> Collected data:
____________________

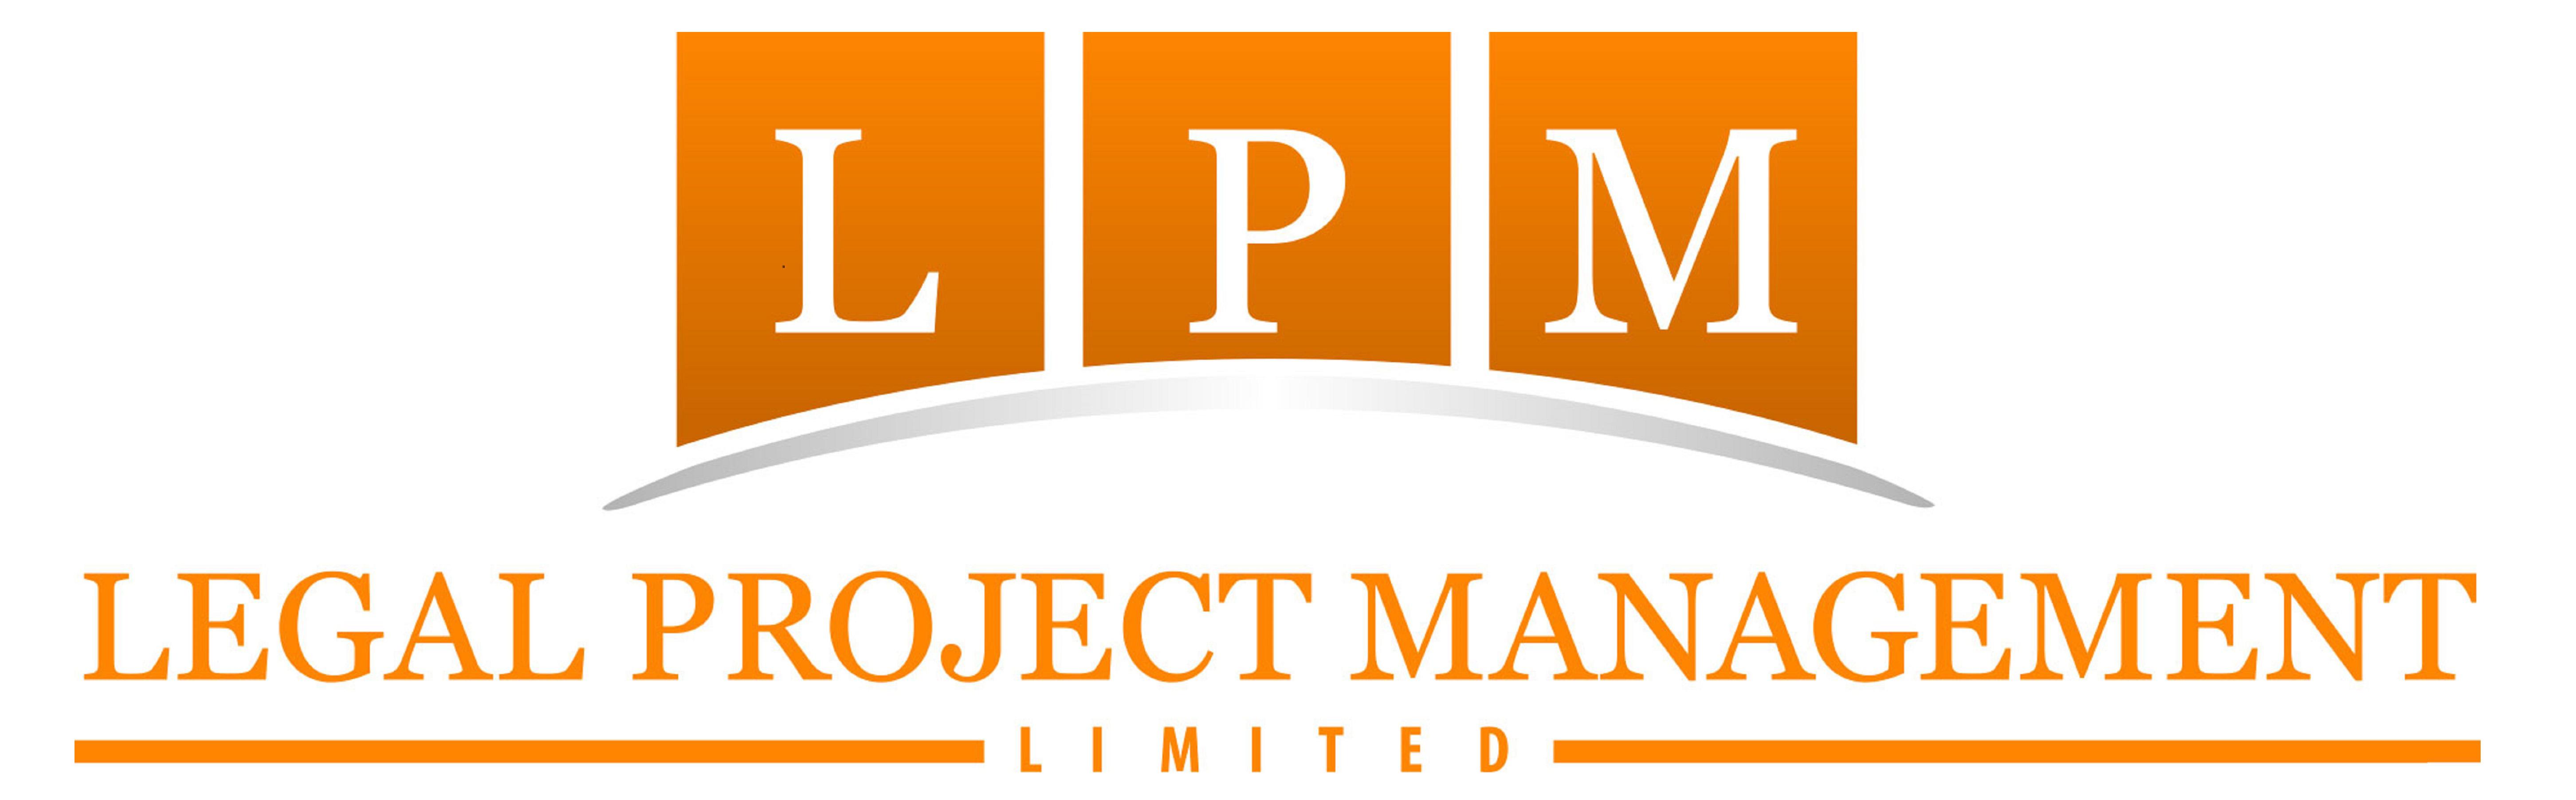 08 LPM Ltd
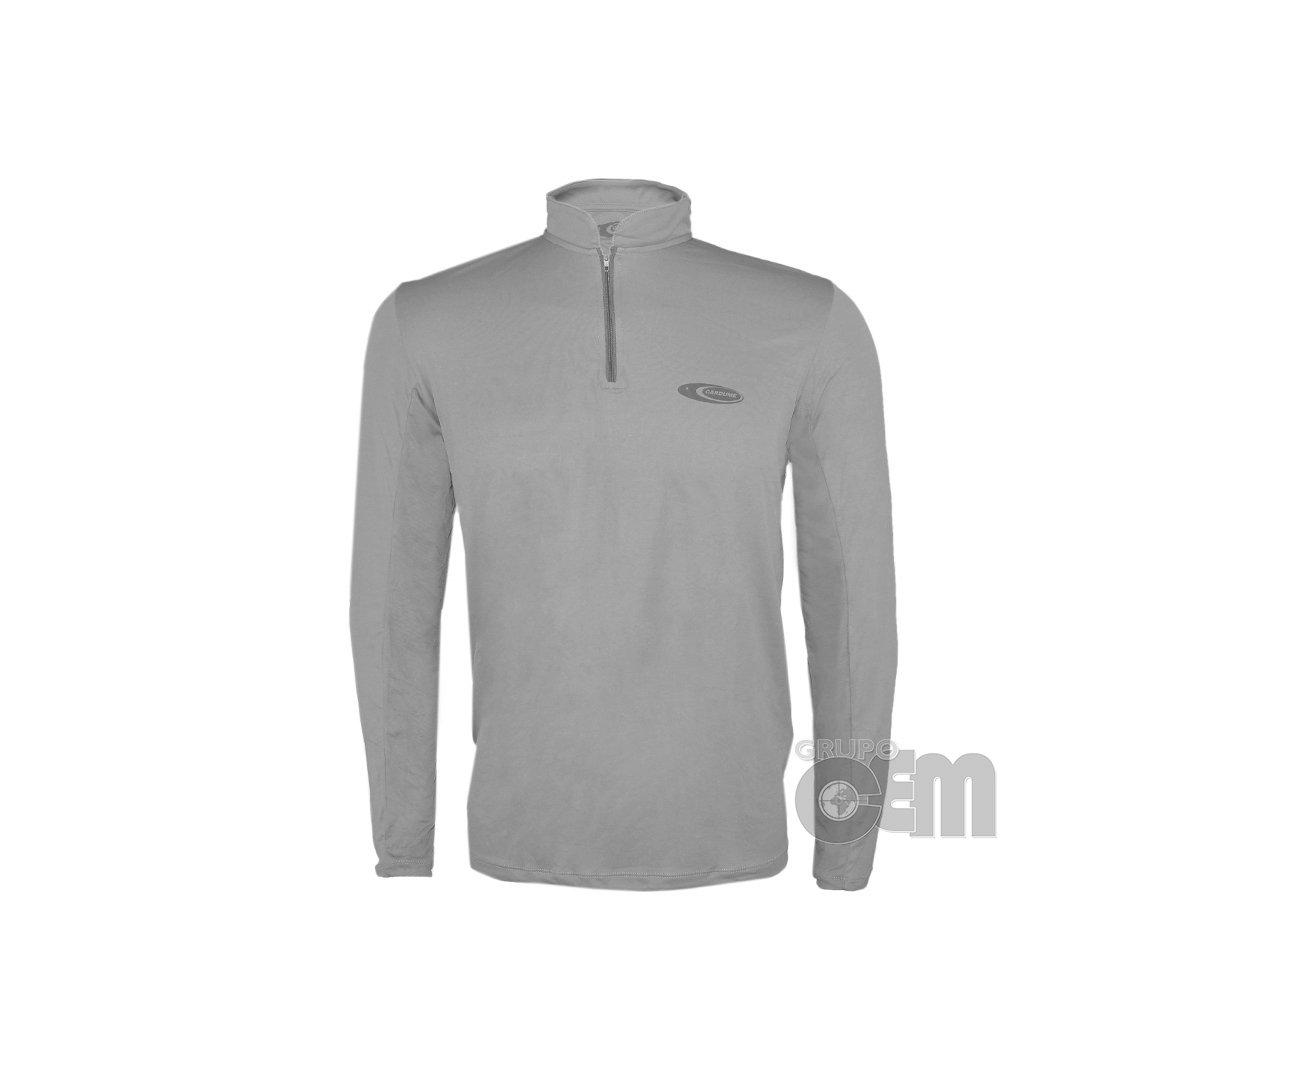 Camiseta Fisherman Areia - Proteção Uva/uvb 50+ Fps - Cardume
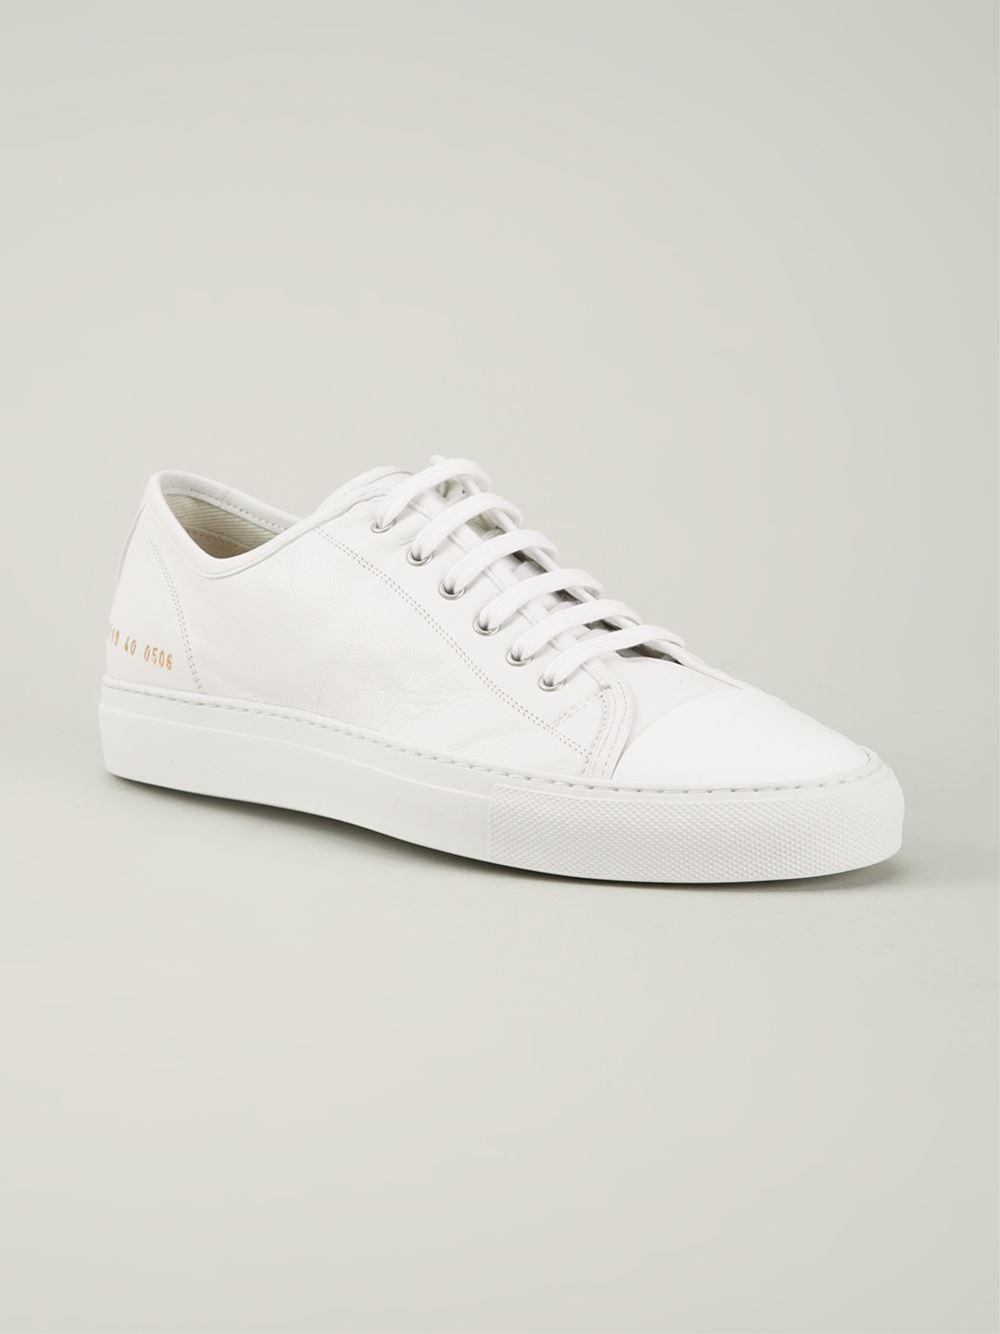 Projets Communs Lacent Chaussures De Sport - Blanc L32M5kU

____________________

> Your goal: Your answer should be every line above, written out exactly, with no pictures.

> Response box:
 08 LPM Ltd
 Camiseta Fisherman Areia - Proteção Uva/uvb 50+ Fps - Cardume
 Projets Communs Lacent Chaussures De Sport - Blanc L32M5kU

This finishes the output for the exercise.